Enclosure (Large), Cartron, Co. Westmeath
Co. Westmeath |
Enclosures
A large oval enclosure sits in reclaimed grassland near Cartron in County Westmeath, about 170 metres south-east of the Royal Canal, and it managed to escape the attention of Ordnance Survey mapmakers on two separate occasions, appearing on neither the 1837 six-inch edition nor the revised 25-inch edition of 1913.
That absence from the historical record is itself a quiet puzzle, given that the monument is substantial enough to measure roughly 90 metres along its north-west to south-east axis and approximately 68 metres across.

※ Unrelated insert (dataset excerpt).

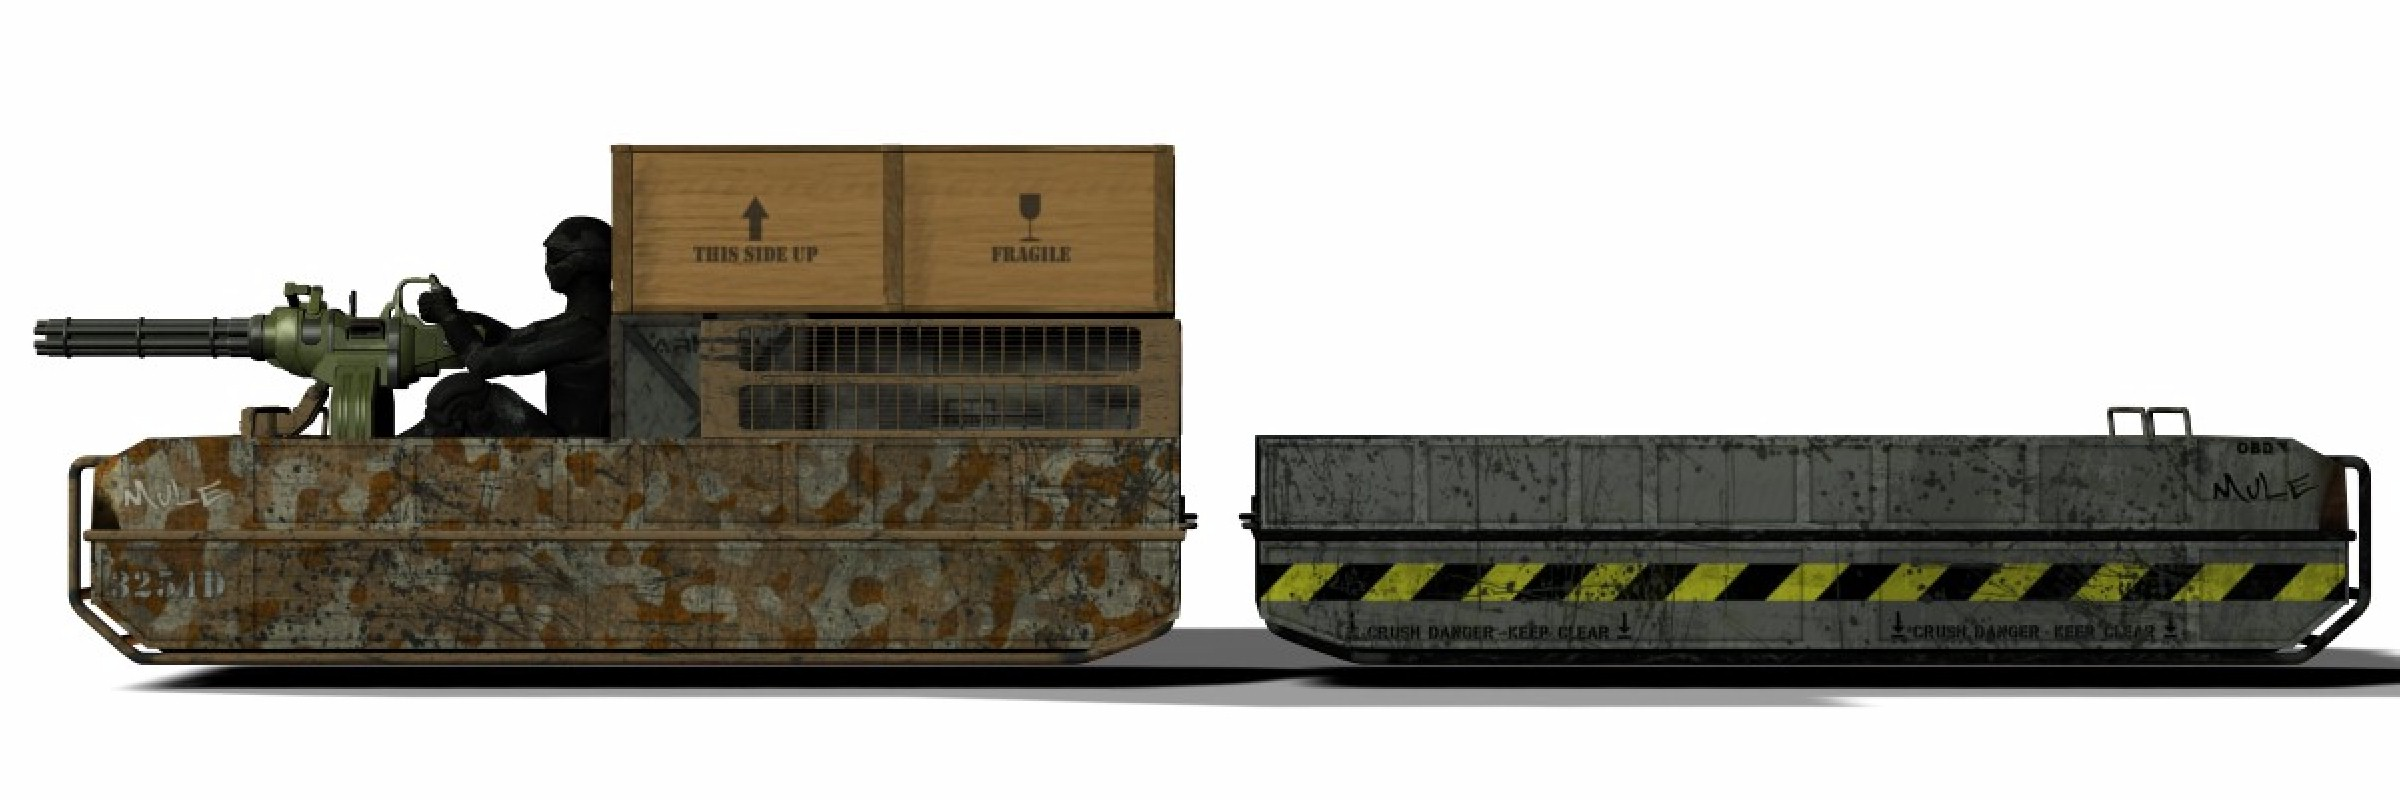 A-Train_Base_05_03_WS_large.jpg

The enclosure only entered the archaeological record in 1973, when aerial photography revealed not just the oval outline but a surprisingly organised interior. Within the enclosure, surveyors identified seven distinct earthworks: three roughly square-shaped mounds arranged closely together and slightly off-centre towards the south-east, and four oblong, roughly rectangular mounds positioned towards the south-west, north-west, north, and east. The combination of an enclosing boundary with internal mounded features is a pattern seen across Irish prehistory and the early medieval period, where enclosures could serve purposes ranging from settlement and farming to ritual or funerary use. Without excavation, the function of this particular example remains open. What the aerial photograph does confirm is that the earthworks are not random; their arrangement suggests deliberate planning. The site is still visible on modern satellite imagery, which is how it continues to be studied in the absence of ground investigation.